By Clint Hammerberg
R and topic modeling are just tools and sometimes they aren’t going to give results that make sense.
Sometimes the list of words that R gives you are a result of semantic connection. I got two topics that were just authors’ attempts at capturing the sound of Southern dialect. It’s interesting to see that R can identify all of those words as occurring together even if the clump of words doesn’t suggest a topic.
After creating a set of topics that occur within the body, you can go back and track where these topics occur more or less frequently.
In class, we used a body composed of (41) of texts from Southern Literature from Documenting the American South. One of the lists that was produced when only looking at the first 5 words was:
time, horse, made, moment, men
To me this set of words is not particularly suggestive of any topic. But when the list is expanded to 15 words, which were:
time, horse, made, moment, men, captain, man, nigh, hand, head, back, party, side, enemy, ground
The list now seems to suggesting a topic of Military, at least to me. Other people came up with the topic of War, which is similar. But there is small differences, which depending on what you are using this tool for may make a big difference. It is important to show your work so readers can see the data that you are using to draw your conclusions. Again, what a topic is called is entirely up to the individual reading the list. You may determine that the 15 word list above suggests an entirely different topic.
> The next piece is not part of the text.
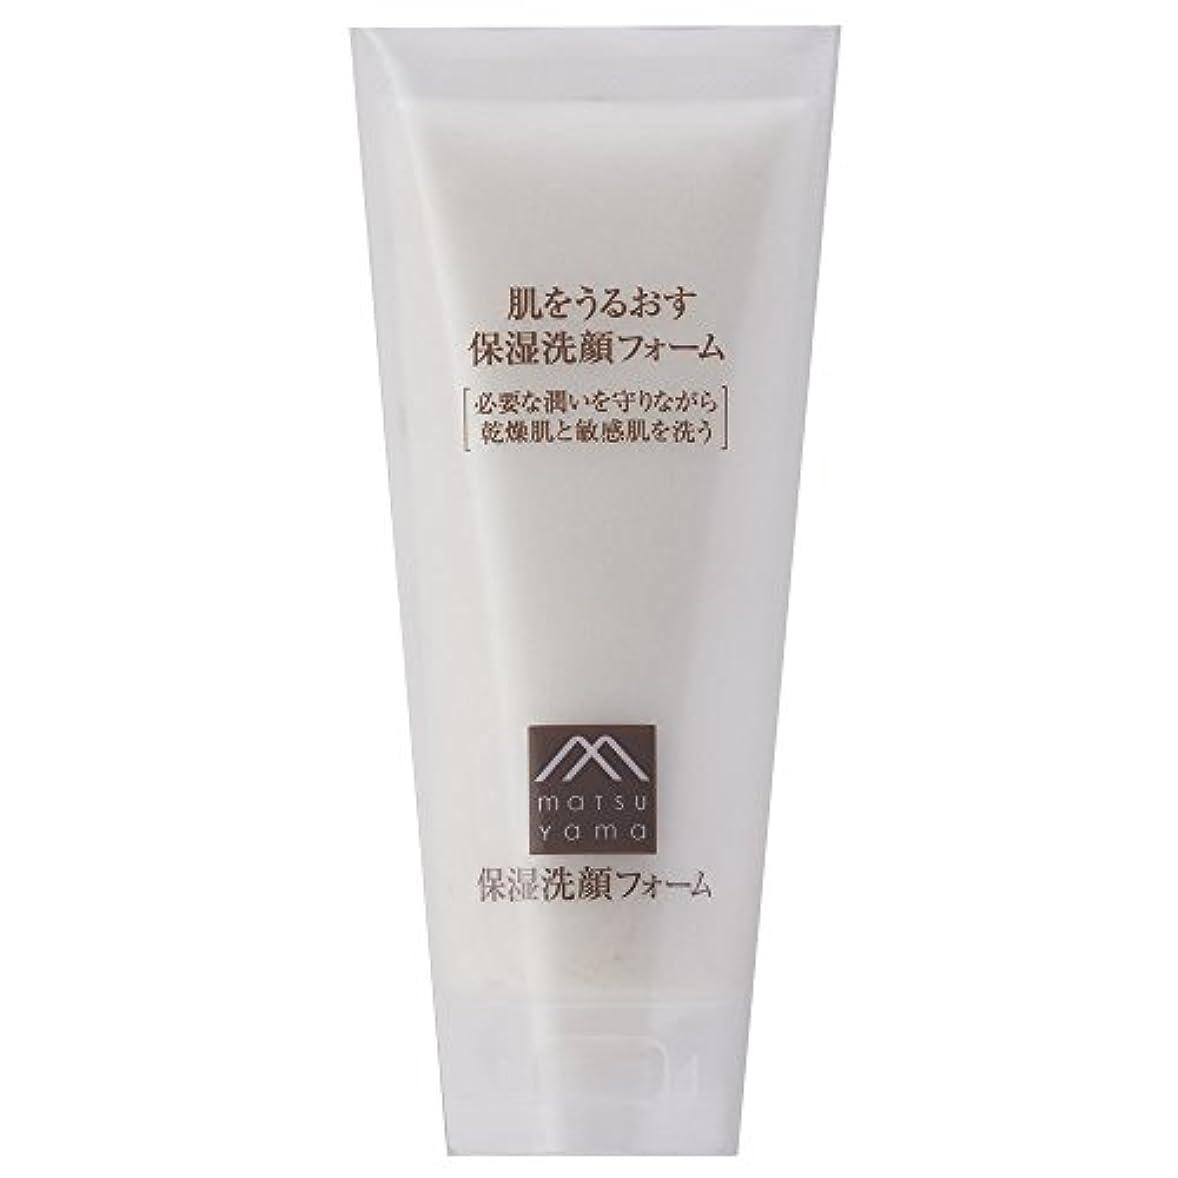 有益シロクマ振動する肌をうるおす保湿洗顔フォーム(洗顔料) [乾燥肌 敏感肌]

We can then go back and see which texts that we used to compose the larger body of Southern Literature have the highest occurrence of this particular topic.
Naturally the longer the list is the more specific the topic can be. But as the words are weighted by frequency of co-location, at a certain length the words will become less relevant. The standard for more thorough research project seems to be lists of 100 words.
If you want, the collection of words can be displayed as wordcloud instead. The size of the word corresponds to the relative weight or significance of that word within the collection.
(Image Courtesy of Megan Valentine)
Additional packages to R are required for topic modeling. We used Mallet and wordcloud. You could use the packages topicmodels or lda if you wanted, although I am not familiar with them and they might work differently and need a different code. The code that you use depends on the type of file that you are using; XML files that have been labeled for TEI or .txt files are both viable options.
The code gets fairly long, and I don’t want to bury you with details. But, broadly speaking, these packages and corresponding code tracks the occurrence of words and their relatively frequency with regards to each other and the within the body as a whole. Then the words that occur with the highest frequency to each other are assembled into a series of lists or clouds.
Click here to see a step by step breakdown of the code.
Topic modeling is a tool that functions best for sorting through large individual documents or large collections of documents. It allows an individual to process data incredibly quickly. Projects like Laurel Ulrich’s study of Martha Ballard’s diary, which spans nearly 30 years of Ballard’s life, took historians years of work. But with digital tools, much of the tedious work of tracking the occurrence of a particular set of words pertaining to a topic can be done in a day if the document in question has already been transcribed into the appropriate digital format and the researcher is familiar with the use of these digital tools, which is of course not always the case.
Topic modeling could also be used to reconsider traditional genre divisions and literary classifications as these categories are quite broad and at times determined by rather arbitrary factors such as when the book was written.
Other applications of topic modeling are in other fields in which someone might encounter massive amounts of documents. The discovery process of a legal case can at times, depending on the nature of the case, produce thousands and thousands of pages of text, some of which will contain important information that could affect the outcome of the case, but much of the documents may be nothing. Winnowing through this many documents would be a daunting proposition, but using topic modeling you could determine where to start looking more closely if a particular topic that is relevant to the case appears more frequently in certain documents or within a large document.
Journalists might find topic modeling useful for dealing with the massive data leaks that have become more common in the modern world. The Panama papers and other various wikileaks document dumps provide massive amounts of data that can be difficult to make sense of in the short period of time that is demanded by the news cycle. Additionally, topic modeling might be useful for prosecutors who may want to sort through these massive sets of documents to see if they can build a case, and as there is a statue of limitations of many crimes time is a factor.
I am actually in the middle of reading a book, Fighting over the Founders, about how politicians use references to the American Revolution on the campaign trail. The author of the book used a statistical tool to process the thousands and thousands of pages of speeches given in any year. They probably used R or a similar program and did something similar to topic modeling.